**TASK INSTRUCTIONS**
The whole listing is to be restated word for word with no images.

**DATA SHOWN**
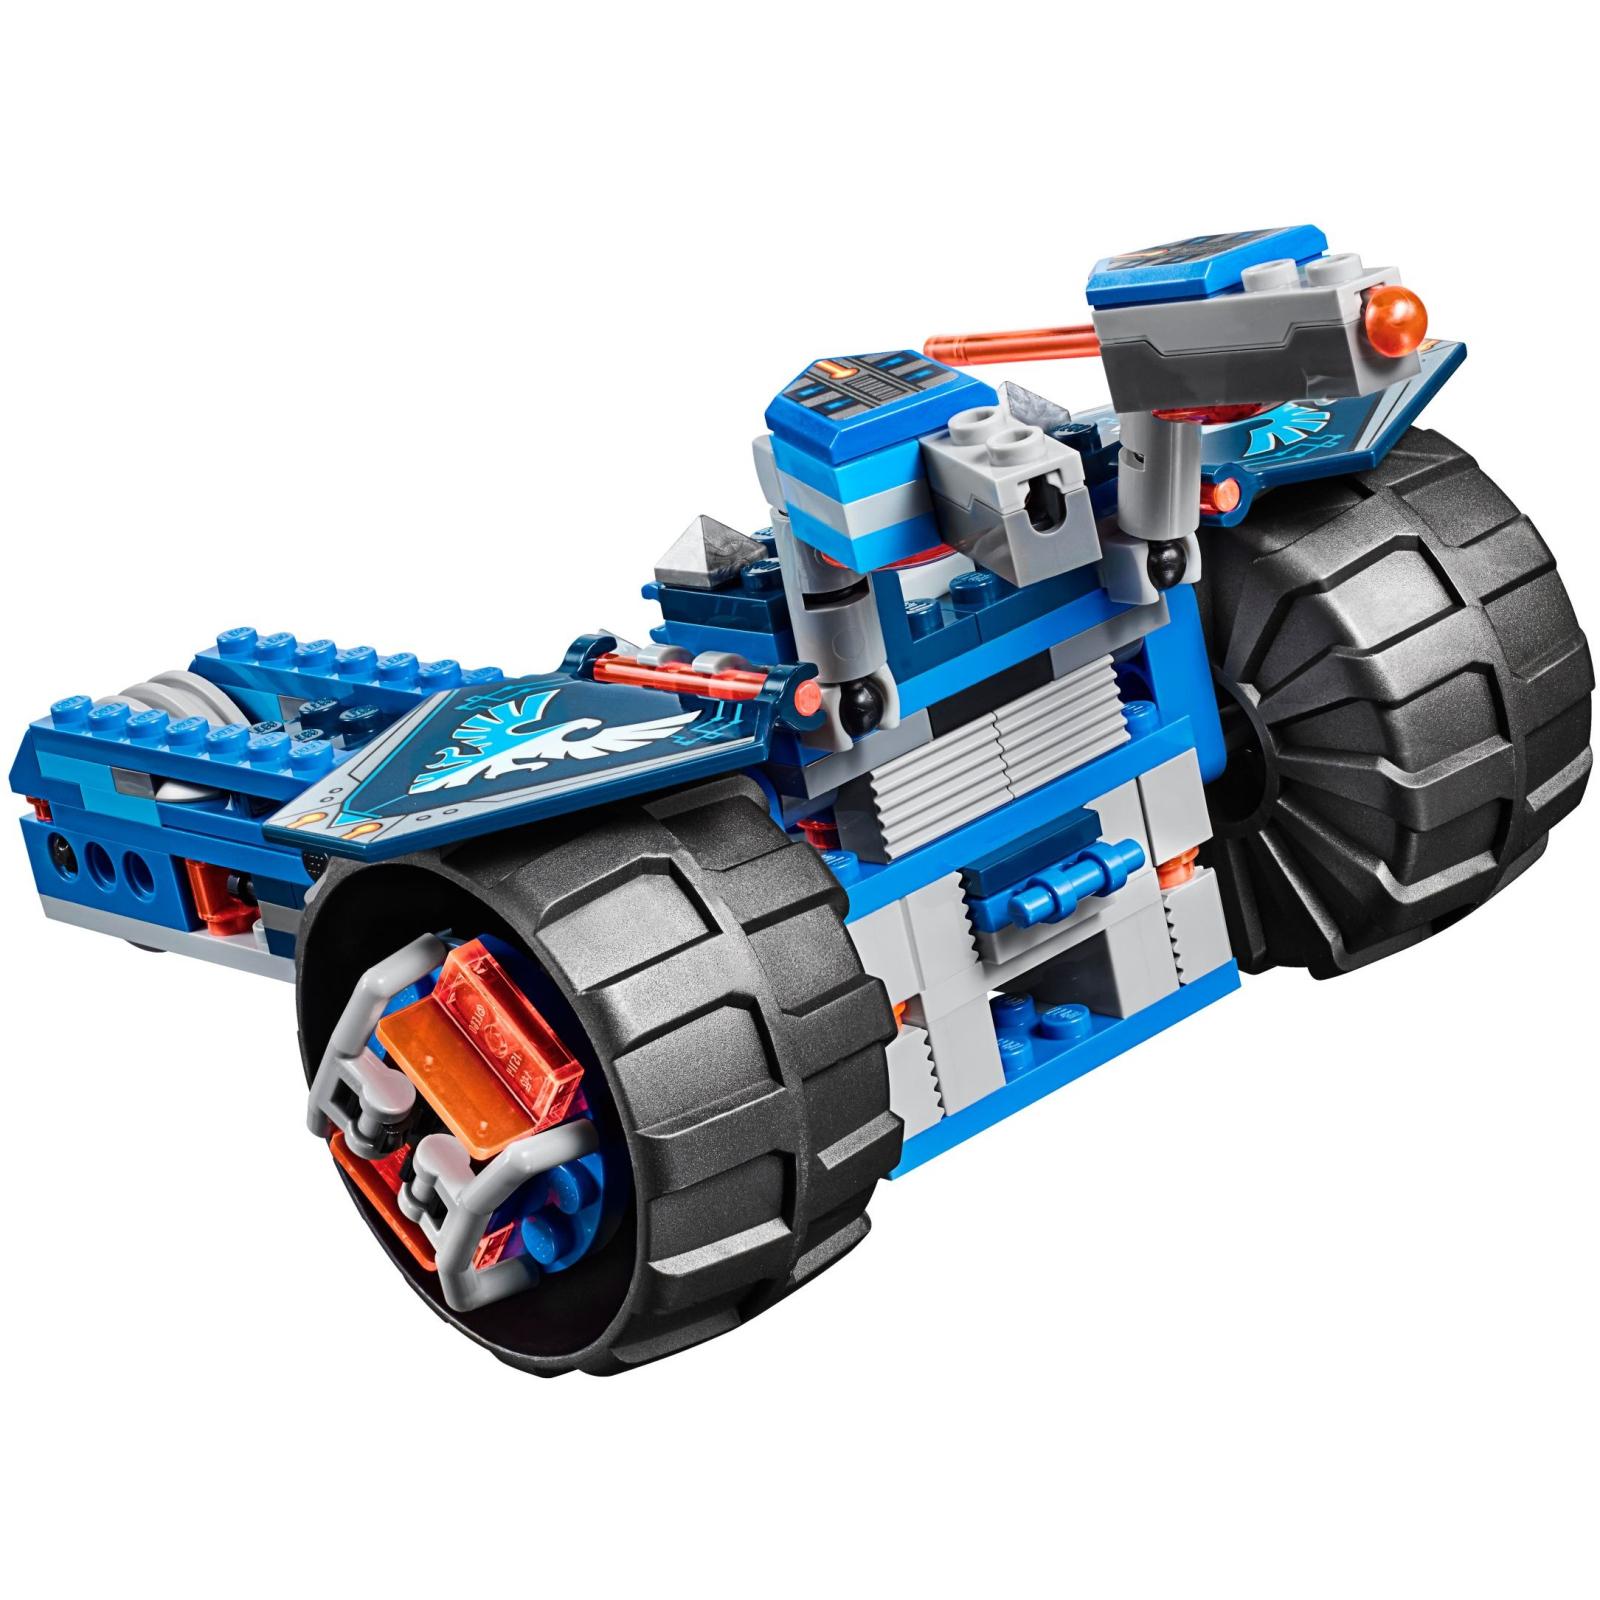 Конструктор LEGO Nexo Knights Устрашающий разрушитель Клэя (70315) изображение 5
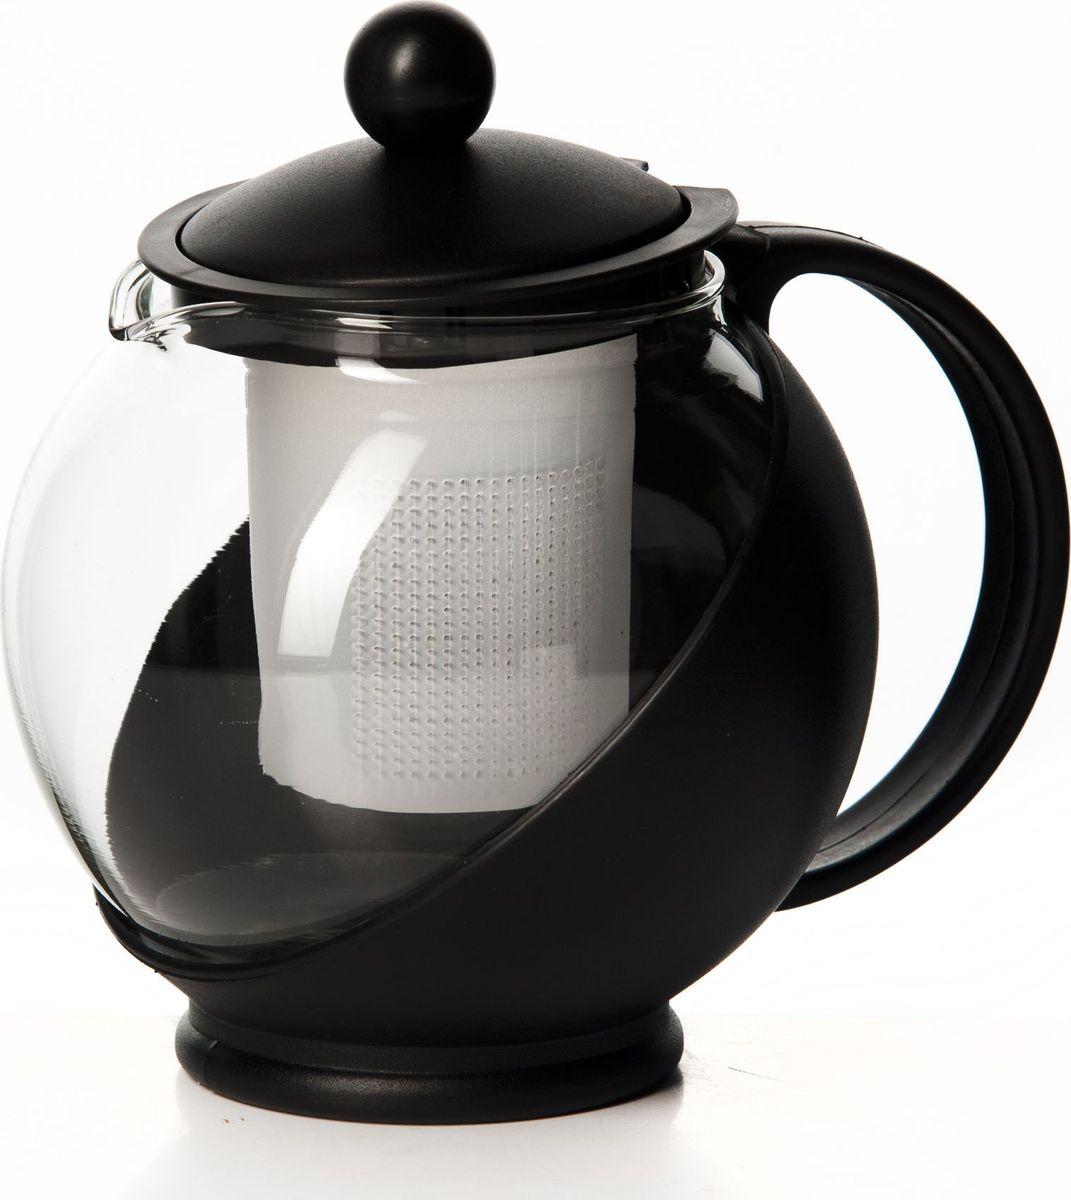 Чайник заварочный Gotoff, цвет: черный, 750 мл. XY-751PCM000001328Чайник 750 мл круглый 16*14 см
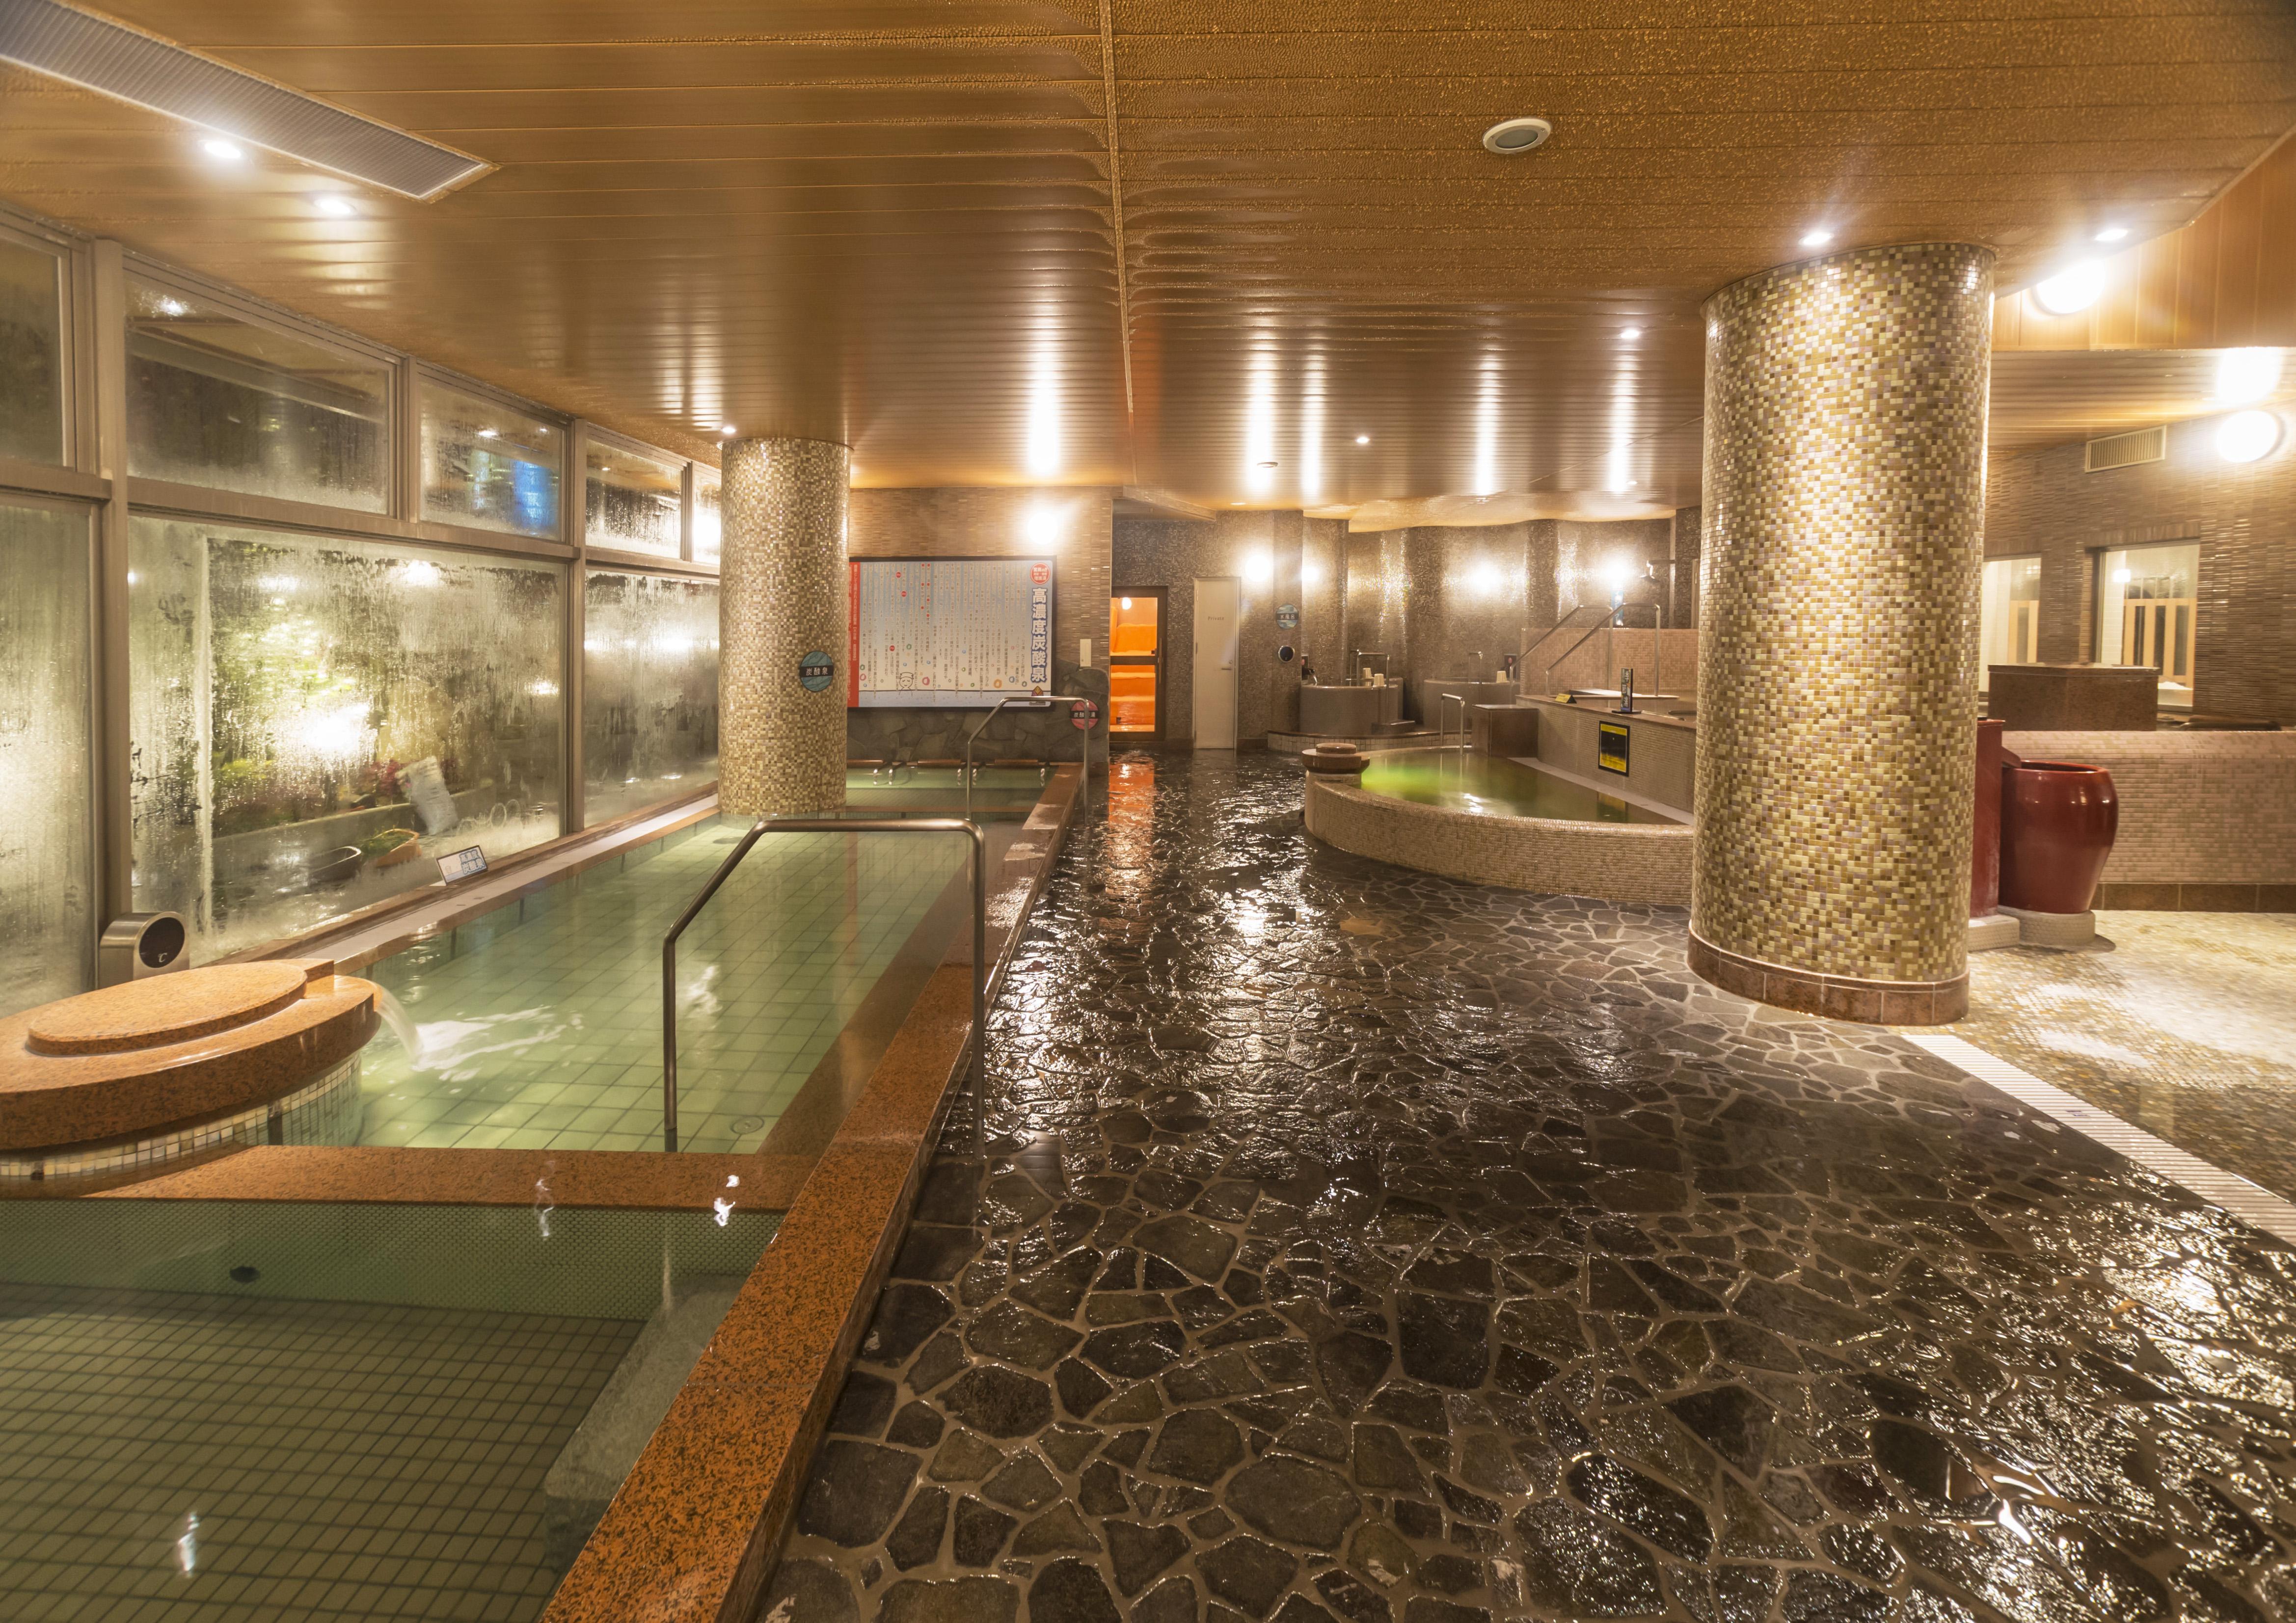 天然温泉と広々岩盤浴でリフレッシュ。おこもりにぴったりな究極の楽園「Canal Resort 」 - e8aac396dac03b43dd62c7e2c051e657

**ANSWER TO THIS EXERCISE**
 Конструктор LEGO Nexo Knights Устрашающий разрушитель Клэя (70315) изображение 5
 Чайник заварочный Gotoff, цвет: черный, 750 мл. XY-751PCM000001328Чайник 750 мл круглый 16*14 см
 天然温泉と広々岩盤浴でリフレッシュ。おこもりにぴったりな究極の楽園「Canal Resort 」 - e8aac396dac03b43dd62c7e2c051e657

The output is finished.